Agarose spot migration assay to measure the chemoattractant potential of extracellular vesicles: applications in regenerative medicine and cancer metastasis

Authors:

Marta Clos‑Sansalvador, Marta Monguió‑Tortajada, Ferran Grau‑Leal, Vicenç Ruiz de Porras, Sergio G. Garcia, Marta Sanroque‑Muñoz, Miriam Font‑Morón, Marcella Franquesa, Francesc E. Borràs

Keywords:

Extracellular vesicles, Exosomes, Migration, Recruitment, Agarose, Cancer, Regenerative medicine, Function, Metastasis

Abstract:

Background

The recruitment of effector cells is one of the novel functions described for extracellular vesicles (EVs) that needs further study. For instance, cell recruitment by mesenchymal stromal cell derived-EVs (MSC-EVs) is one of the features by which MSC-EVs may induce regeneration and ameliorate tissue injury. On the other hand, increasing evidence suggests that cancer EVs play an important role in the preparation of the pre-metastatic niche (PMN) by recruiting their primary tumour cells. Understanding and measuring the potential of MSC-EVs or cancer-EVs to induce cell migration and recruitment is essential for cell-free therapeutic approaches and/or for a better knowledge of cancer metastasis, respectively.
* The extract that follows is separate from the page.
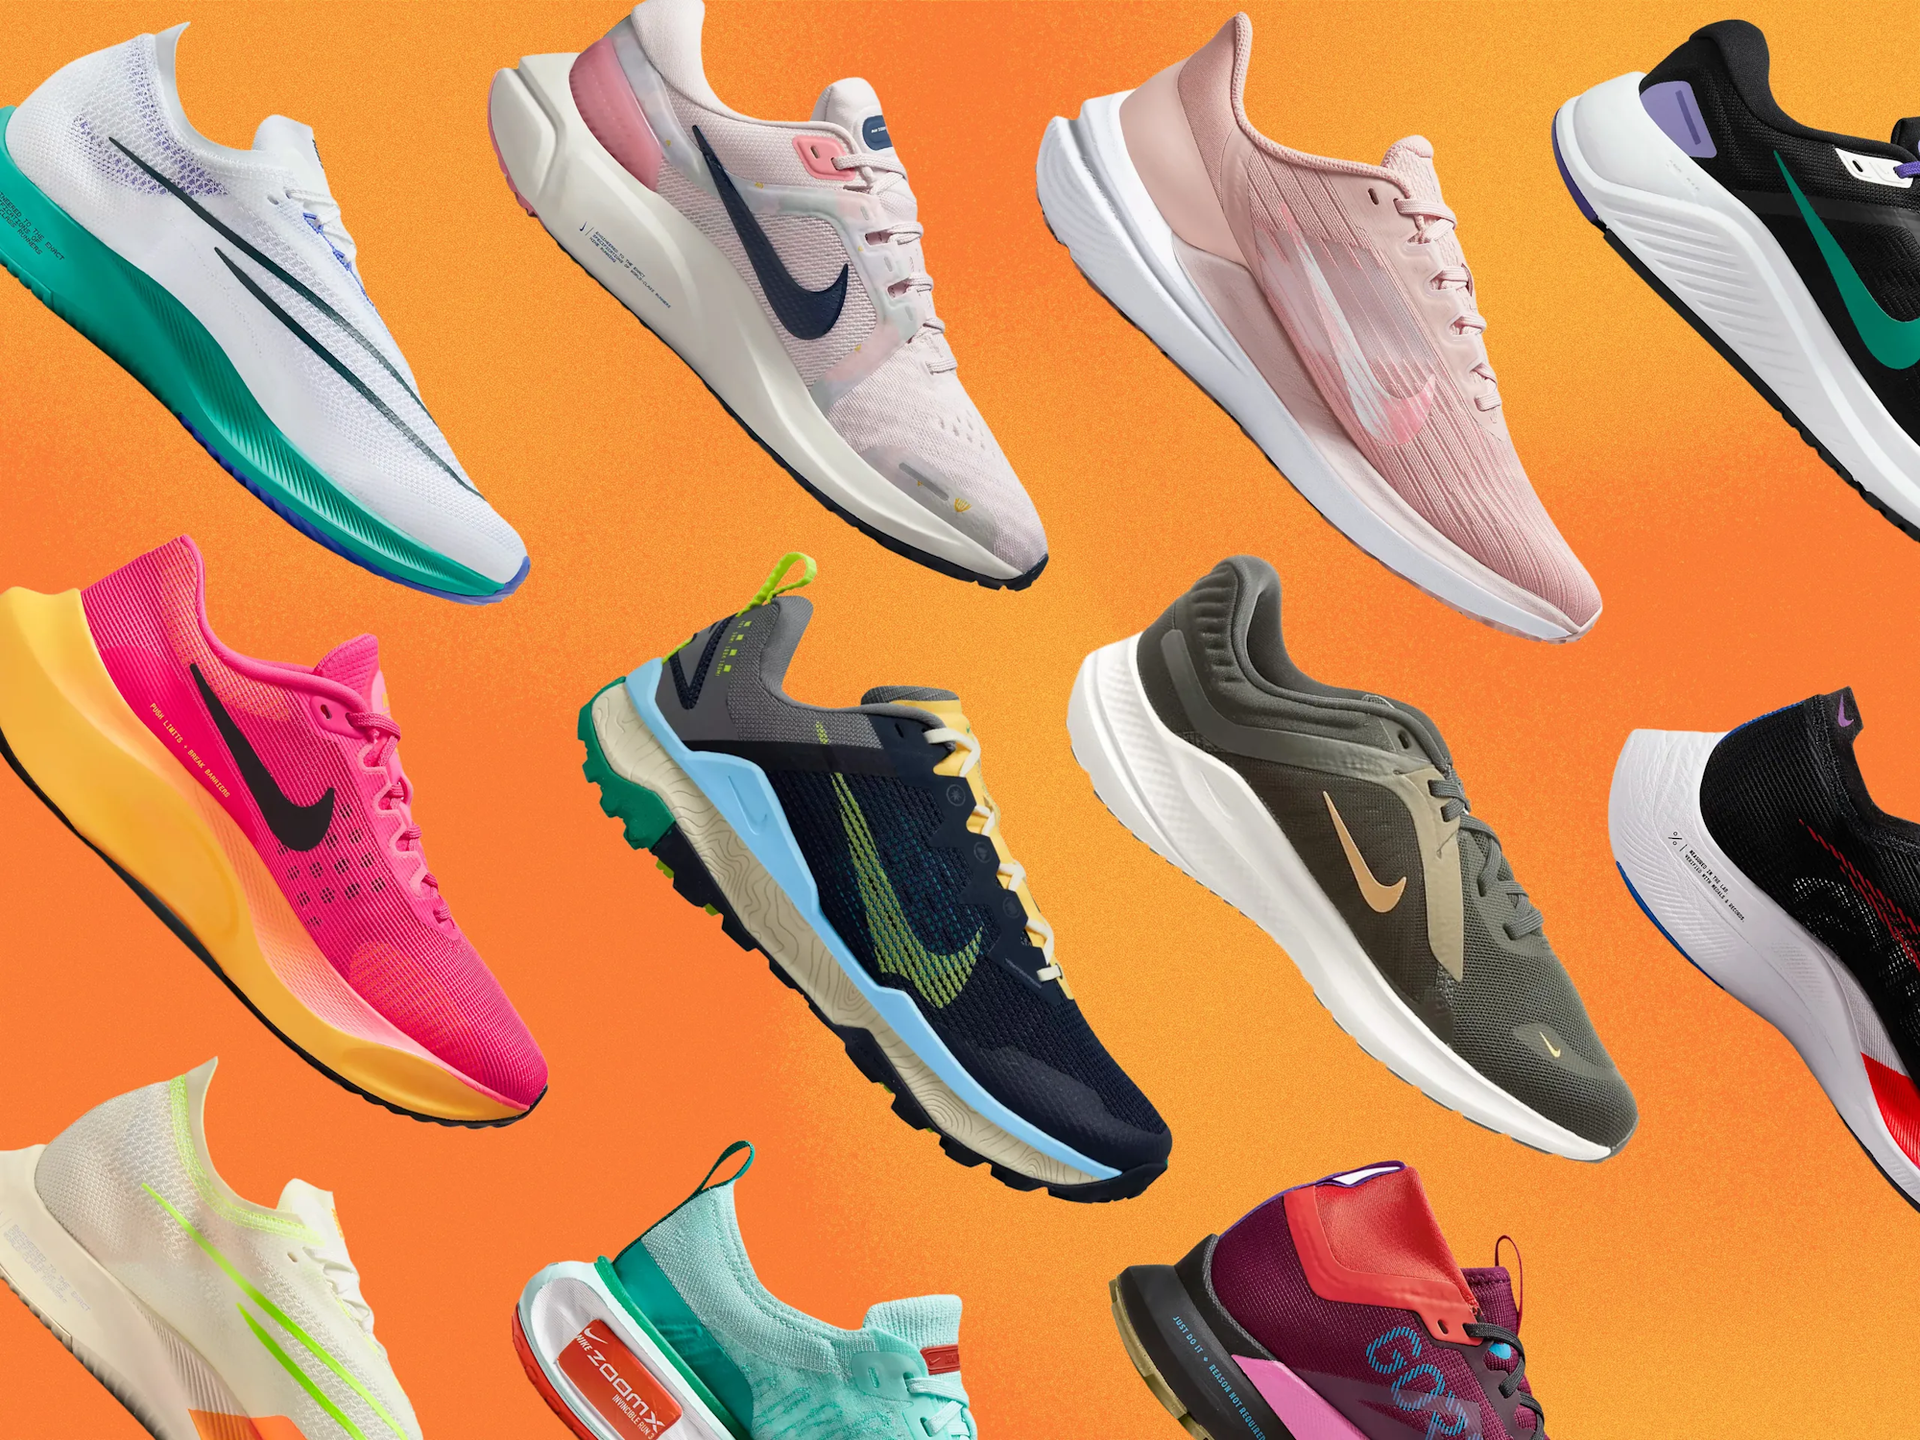 Nike Teacher Discount | Education Discount on Nike Shoes & Apparel

In this context, classical in vitro migration assays do not completely mimic the potential situation by which EVs exert their chemotactic capacity.

Results

We adapted an agarose spot migration assay as an in vitro system to evaluate the cell recruitment capacity of locally delivered or localized EVs. Cell migration was tracked for 12 h or 48 h, respectively. Thereafter, endpoint migration images and time-lapse videos were analysed to quantify several parameters aiming to determine the migration of cells to either MSC-EV or pro-metastatic EV. The number of cells contained inside the agarose spots, the migration distance, the area occupied by cells, the directionality of the cell movement, and the Euclidean distance were measured. This multi-parametric evaluation revealed the potential of different MSC-EV preparations to recruit endothelial cells and to detect an enhanced recruitment capacity of highly metastatic PC3-derived EVs (PC3-EVs) compared to low-metastatic LNCaP-EVs in a tumour cell-specific manner.

Conclusions

Overall, this agarose spot migration assay may offer a diversity of measurements and migration settings not provided by classical migration assays and reveal its potential use in the EV field in two different contexts with recruitment in common: regeneration and cancer metastasis.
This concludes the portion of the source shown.